Jim-N-I
5.8 YDS 5b French 16 Ewbanks VI- UIAA 15 ZA HVS 4c British C1 R
Type: | Trad, Aid, 100 ft (30 m), 2 pitches |
FA: | Aaron Collins, Jim Donnelly |
Page Views: | 237 total · 8/month |
Shared By: | Aaron Collins on Nov 9, 2022 |
Admins: | Greg Opland, Brian Boyd, JJ Schlick, Kemper Brightman, Luke Bertelsen |
Description
Jim-N-I is a spicy route that starts from the saddle before you walk around the east corner to the Original Kamp route. It climbs the south face up through a beautiful limestone band that protects well with a standard rack. It then continued up through a roofy bulge that rounds out to a huge ledge.

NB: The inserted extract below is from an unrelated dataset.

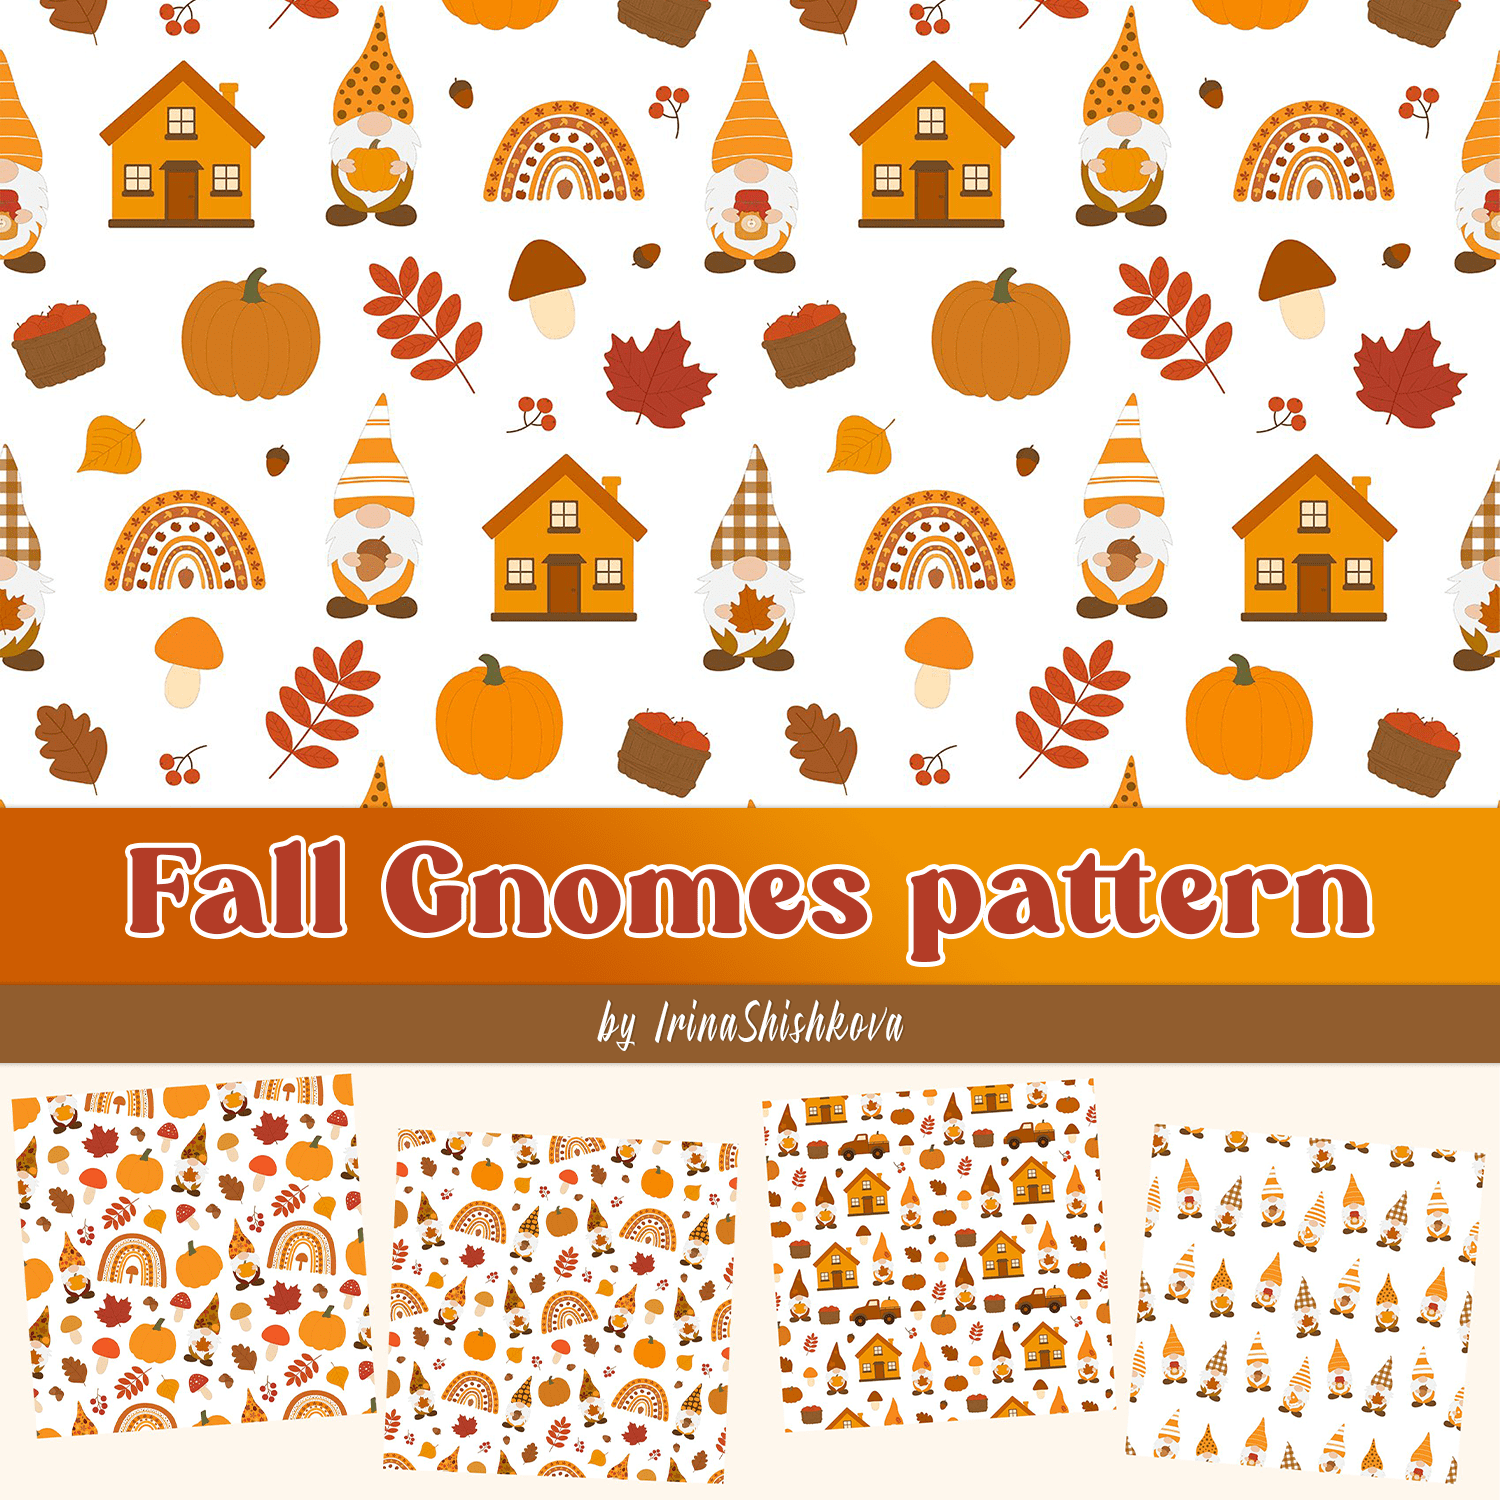 Gnomes pattern. Fall Gnomes pattern. cover.

I dug out a crack in the owl cove for a bomber #2, .75 and .3 also some bomber nuts for the belay. This concluded P1 (50’).

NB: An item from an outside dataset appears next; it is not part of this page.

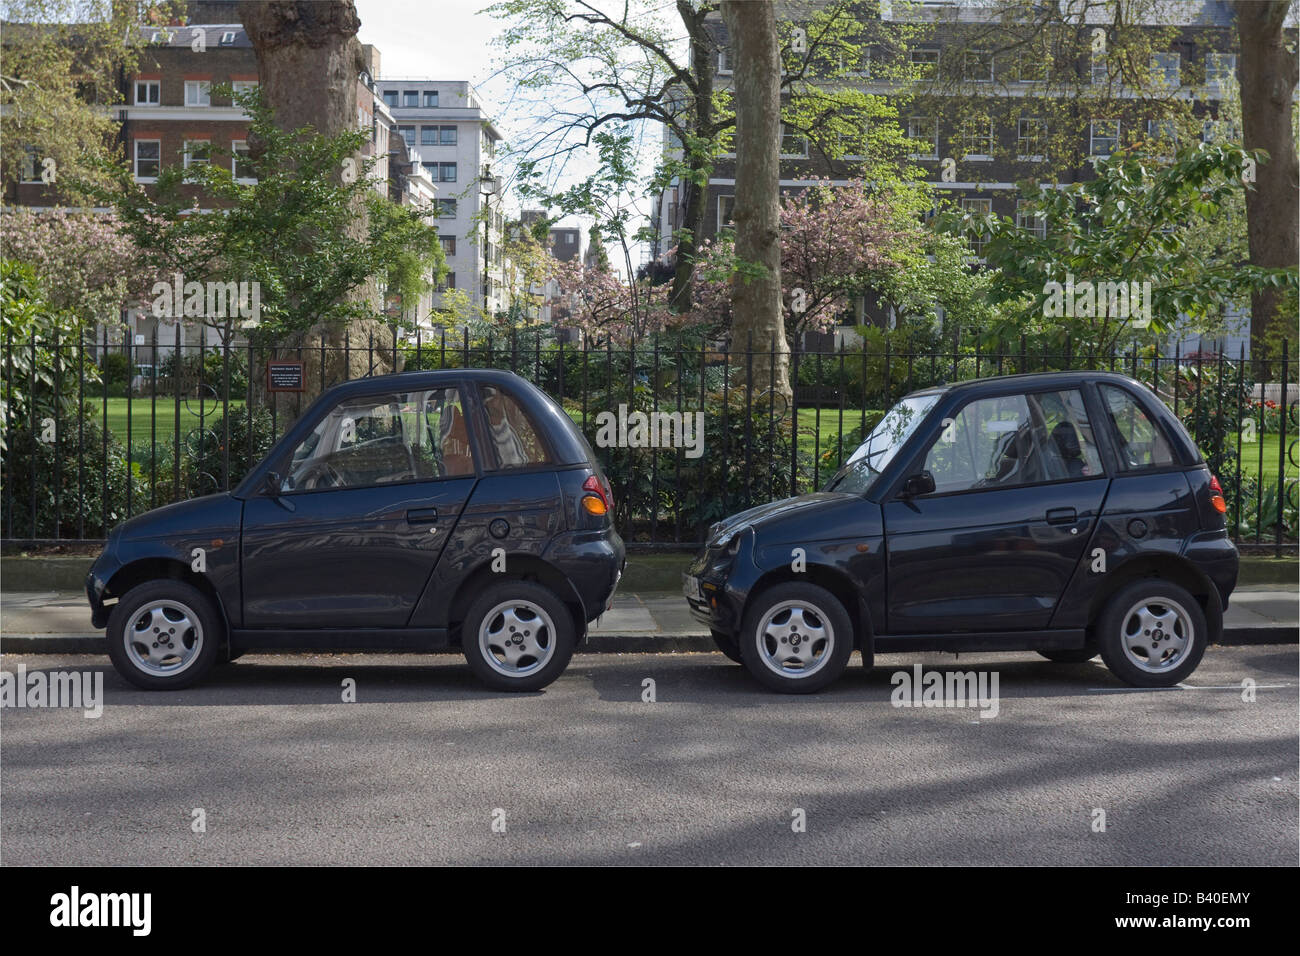 2 Reva G-Wiz electric cars parked on one parking space Manchester Square London GB UK Stock Photo

P2 continues up the crack to a great #4 then traverses left around the rounded face to avoid bad rock in the crack. The face climbing was moderate, unprotected and very exposed with some loose rock. Climb delicately!!! This led to the south spire summit. With no fixed gear to be found, we had to build an anchor and rap off to our packs at the start of the route.